» Brief:
Word for word, give the data again without its pictures.

» Dataset section:
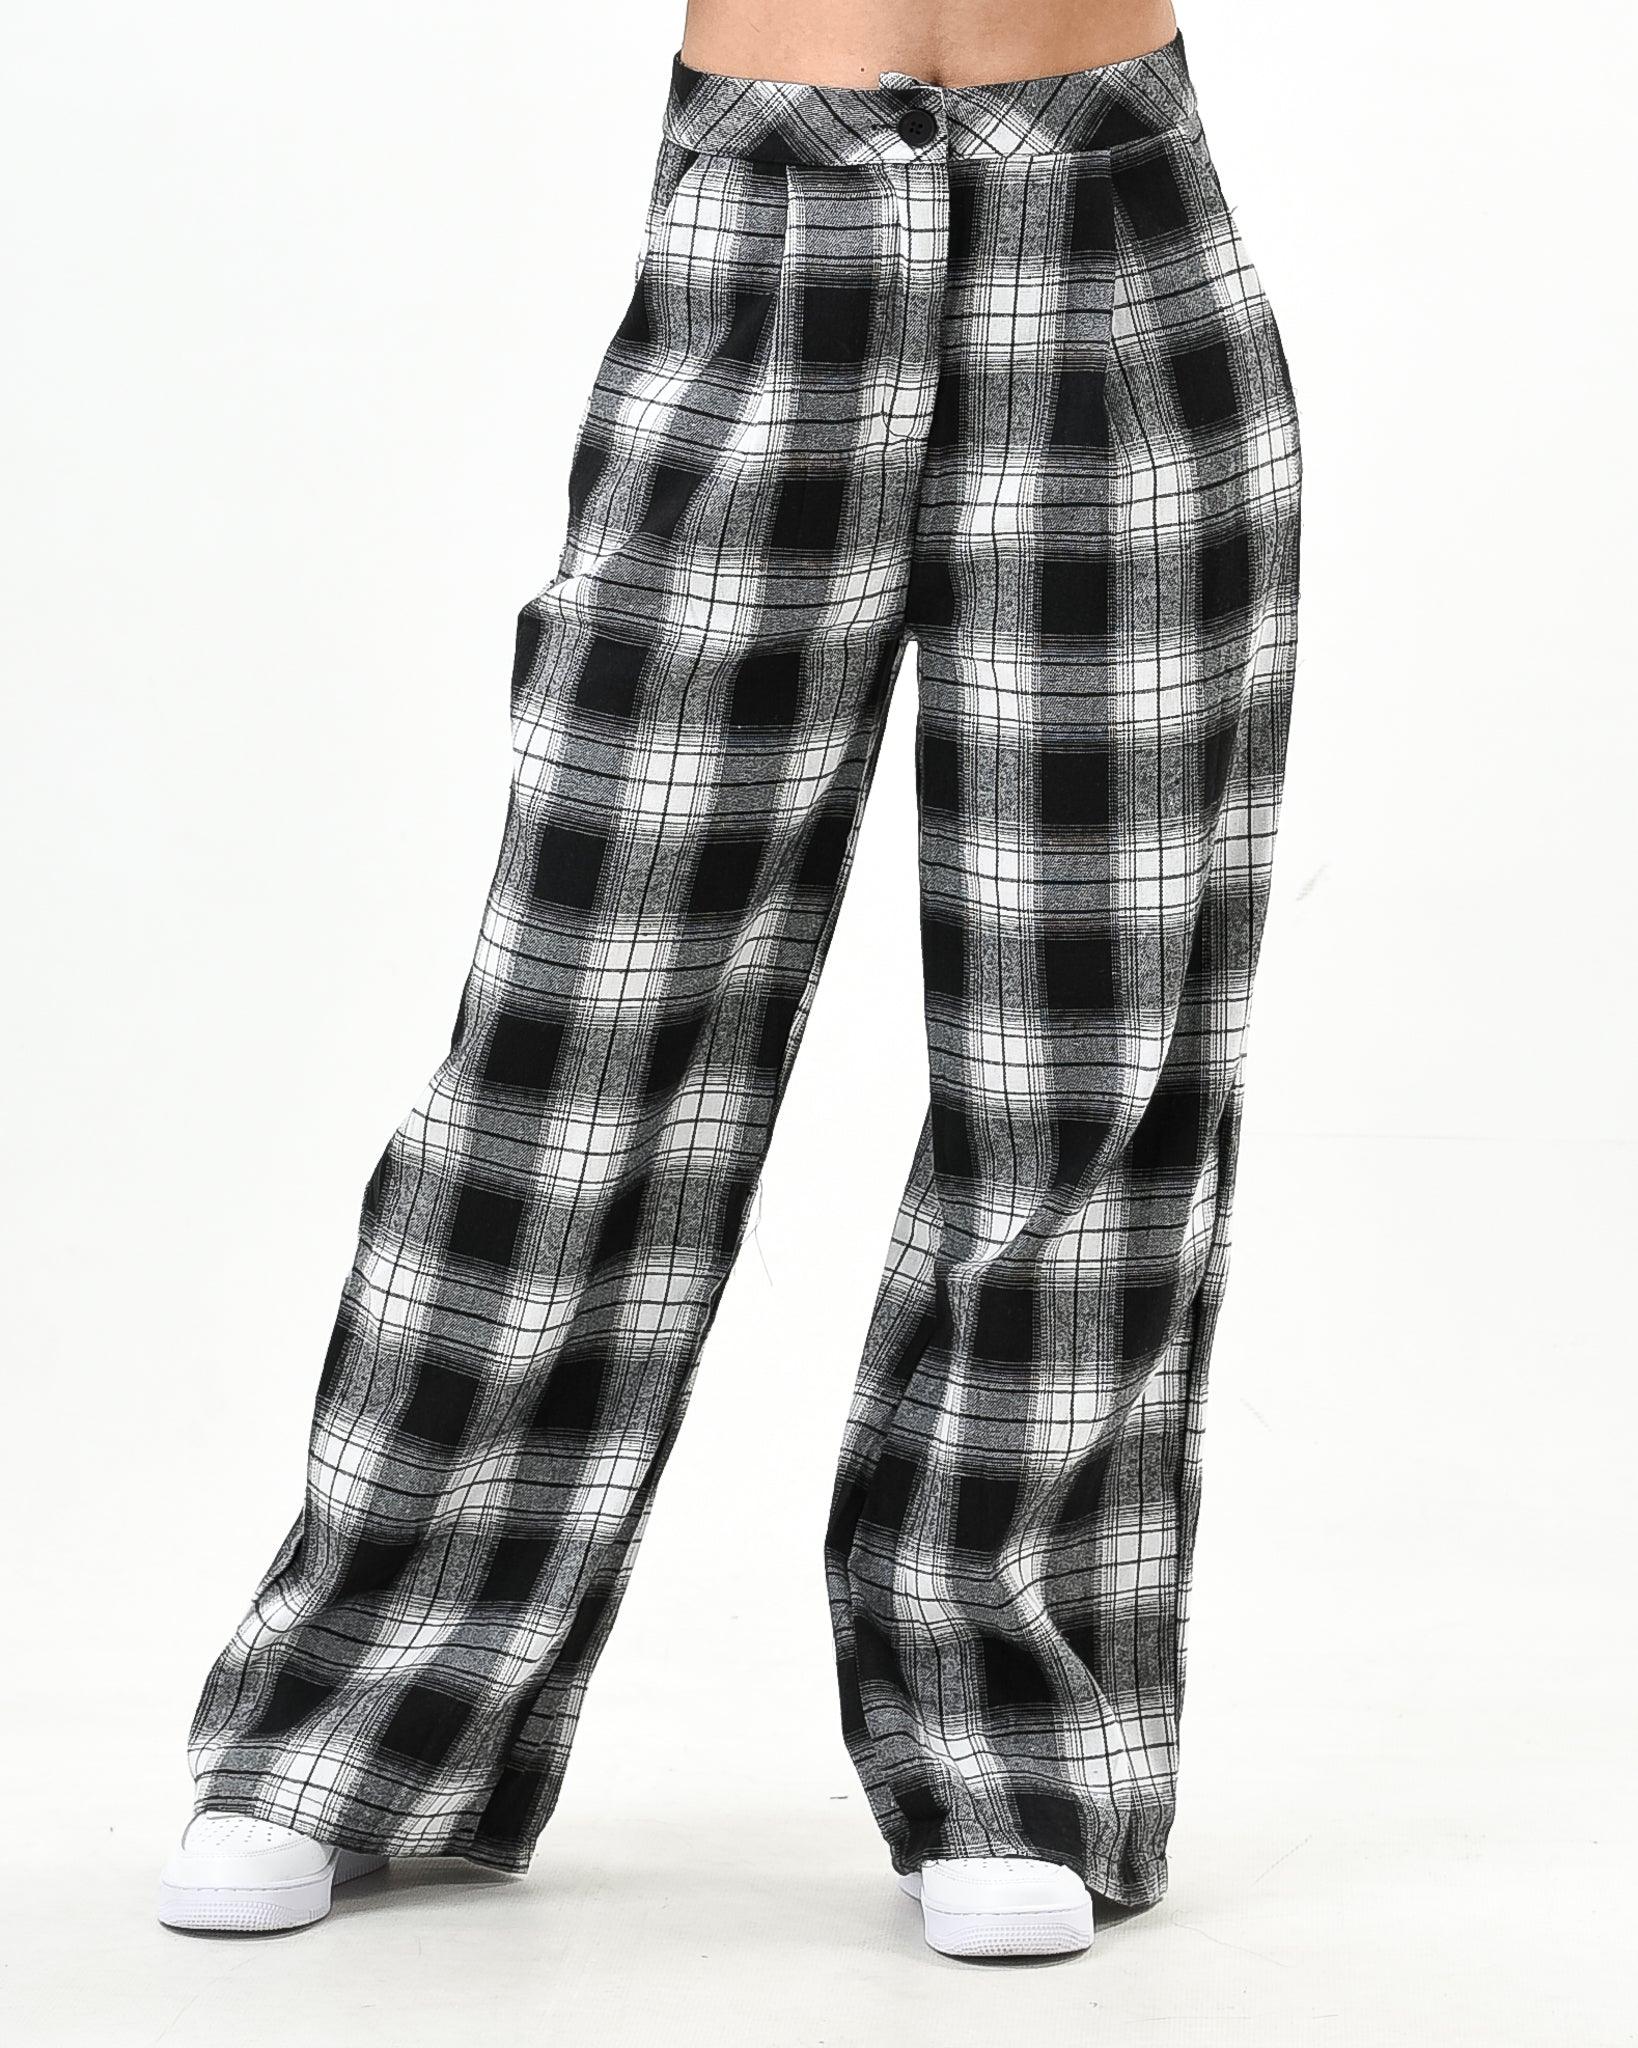 Baggy plaid pants with pockets
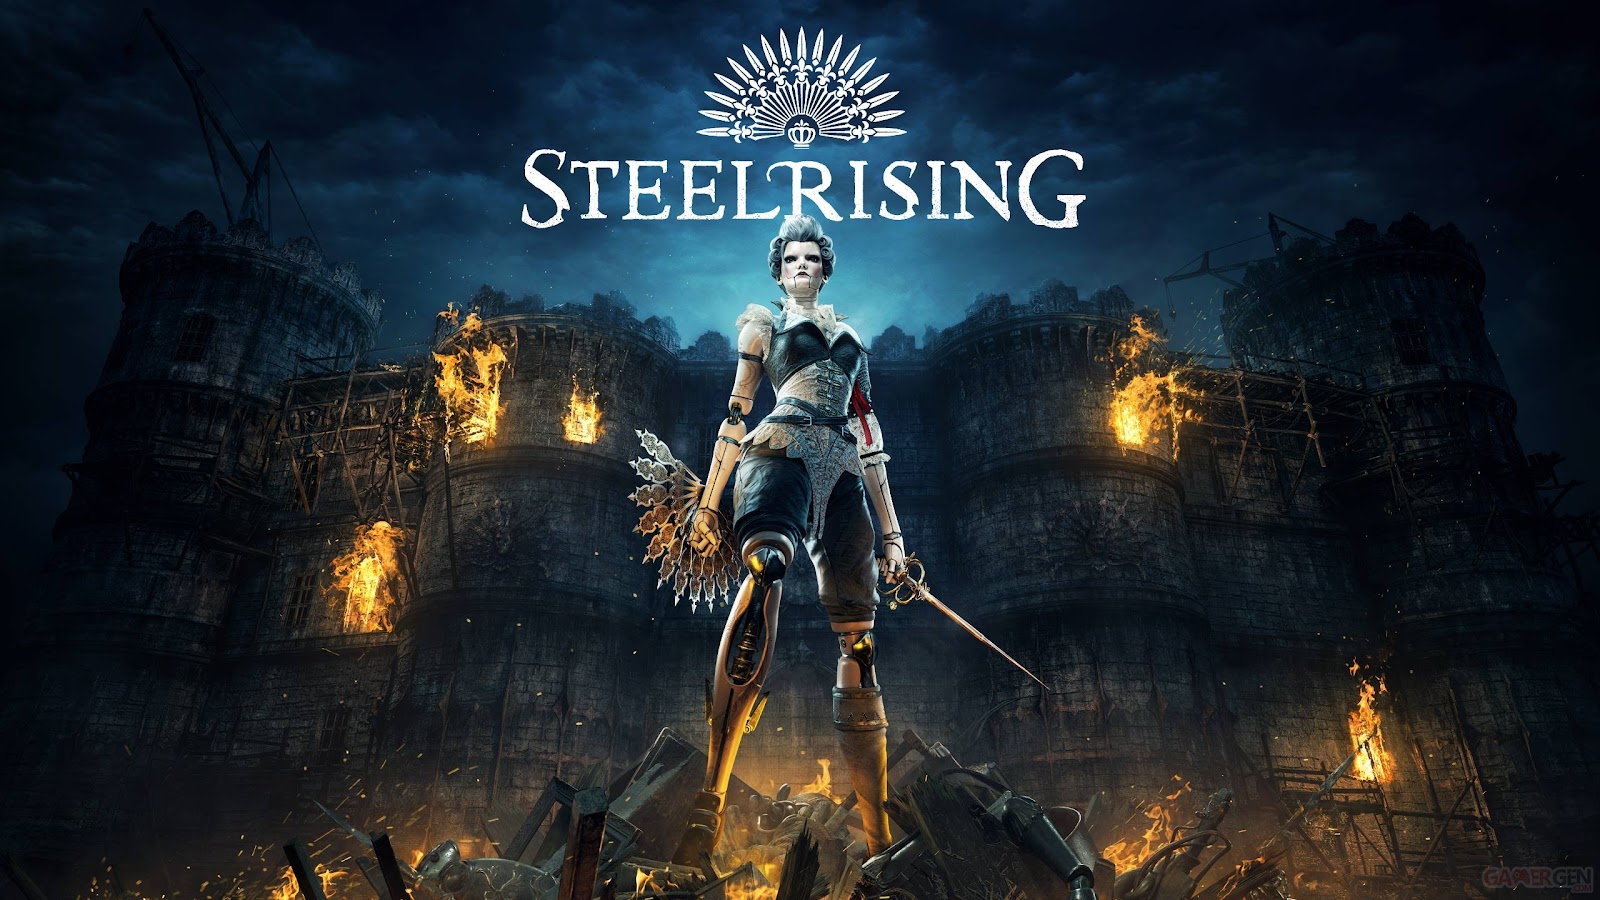 Free Download_Steelrising_Torrent_One Link_Several Parts
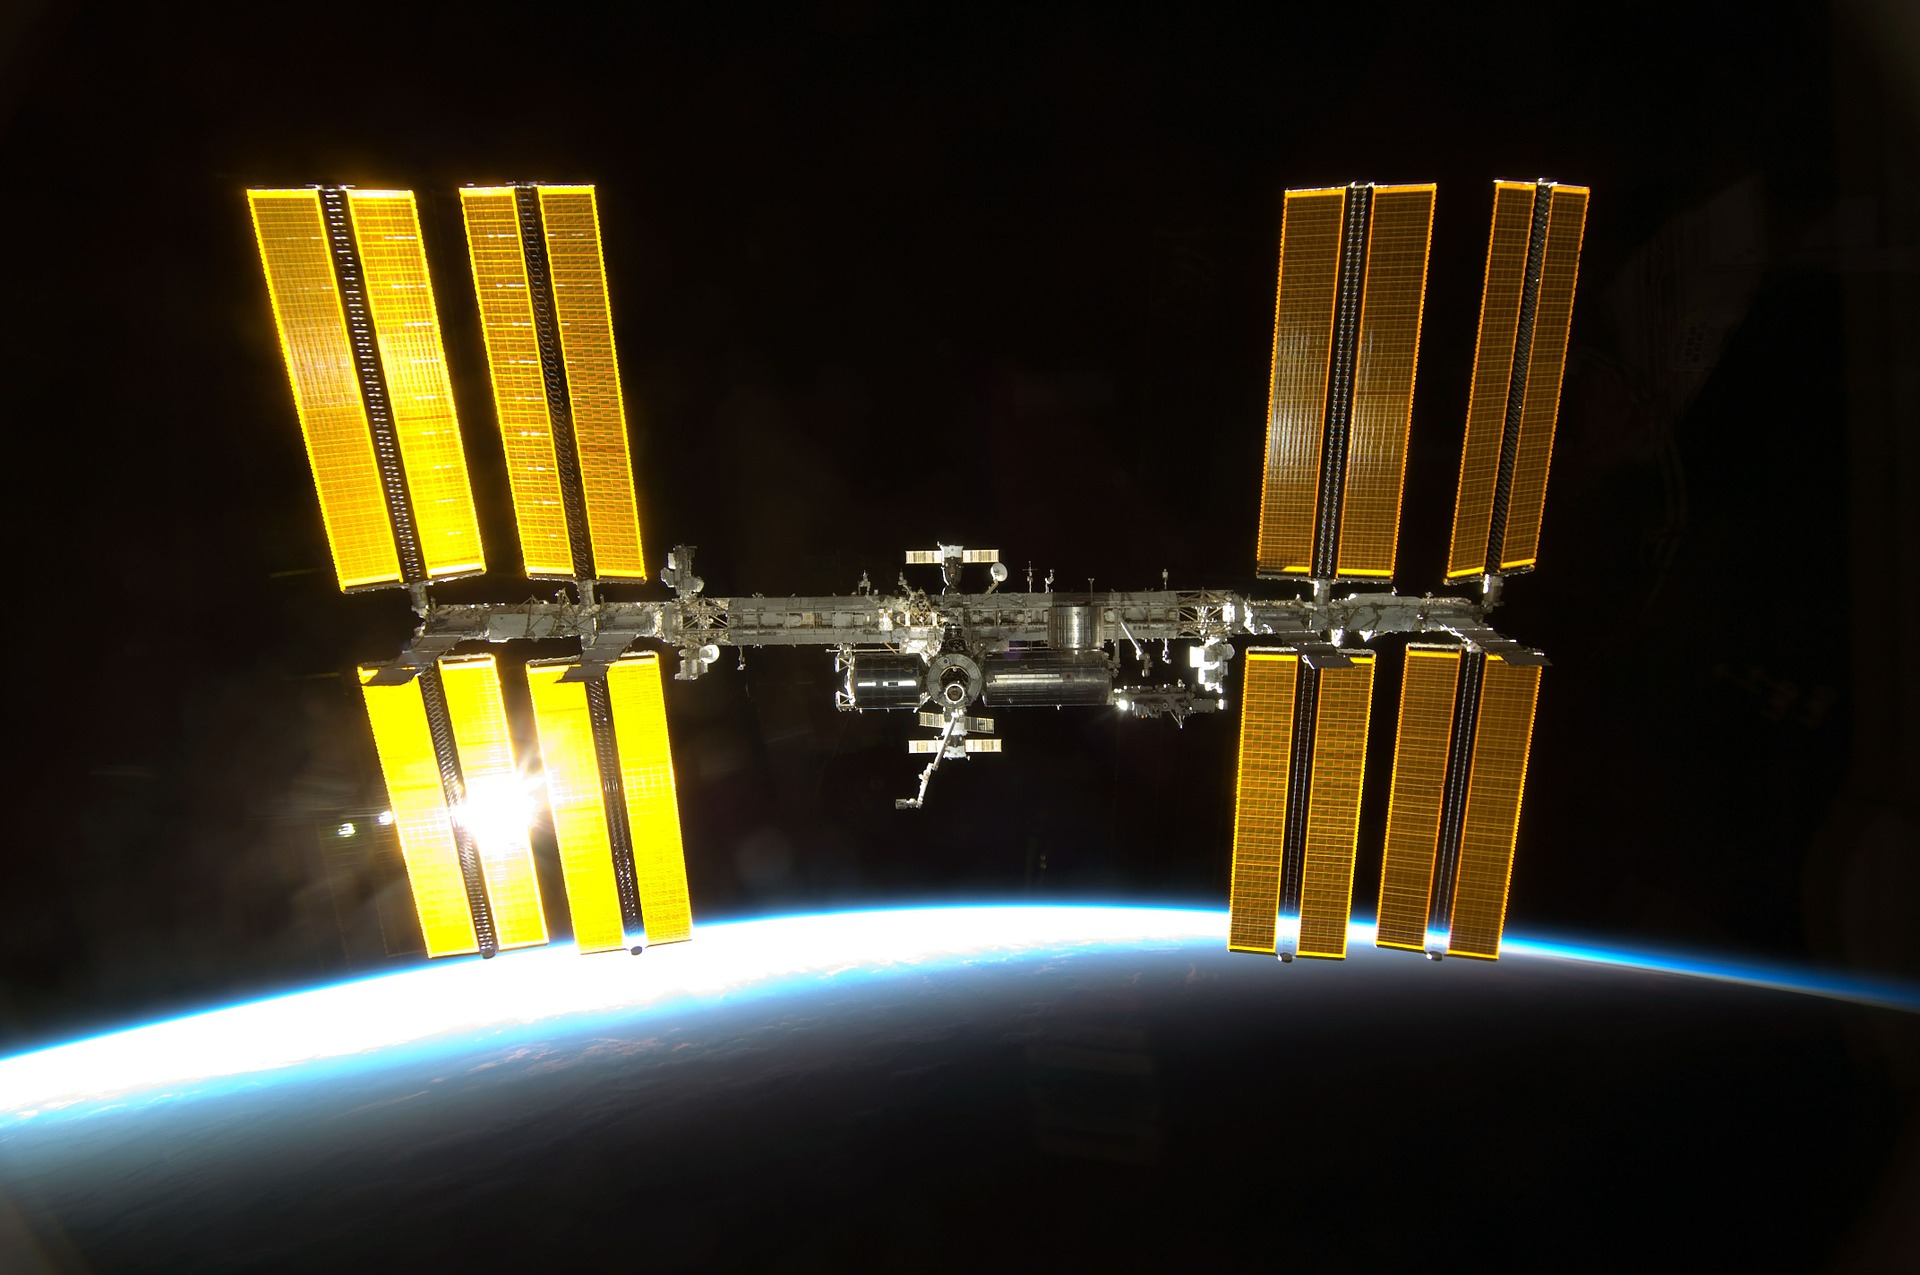 iss-600459_1920

» Task solution:
 Baggy plaid pants with pockets
 Free Download_Steelrising_Torrent_One Link_Several Parts
 iss-600459_1920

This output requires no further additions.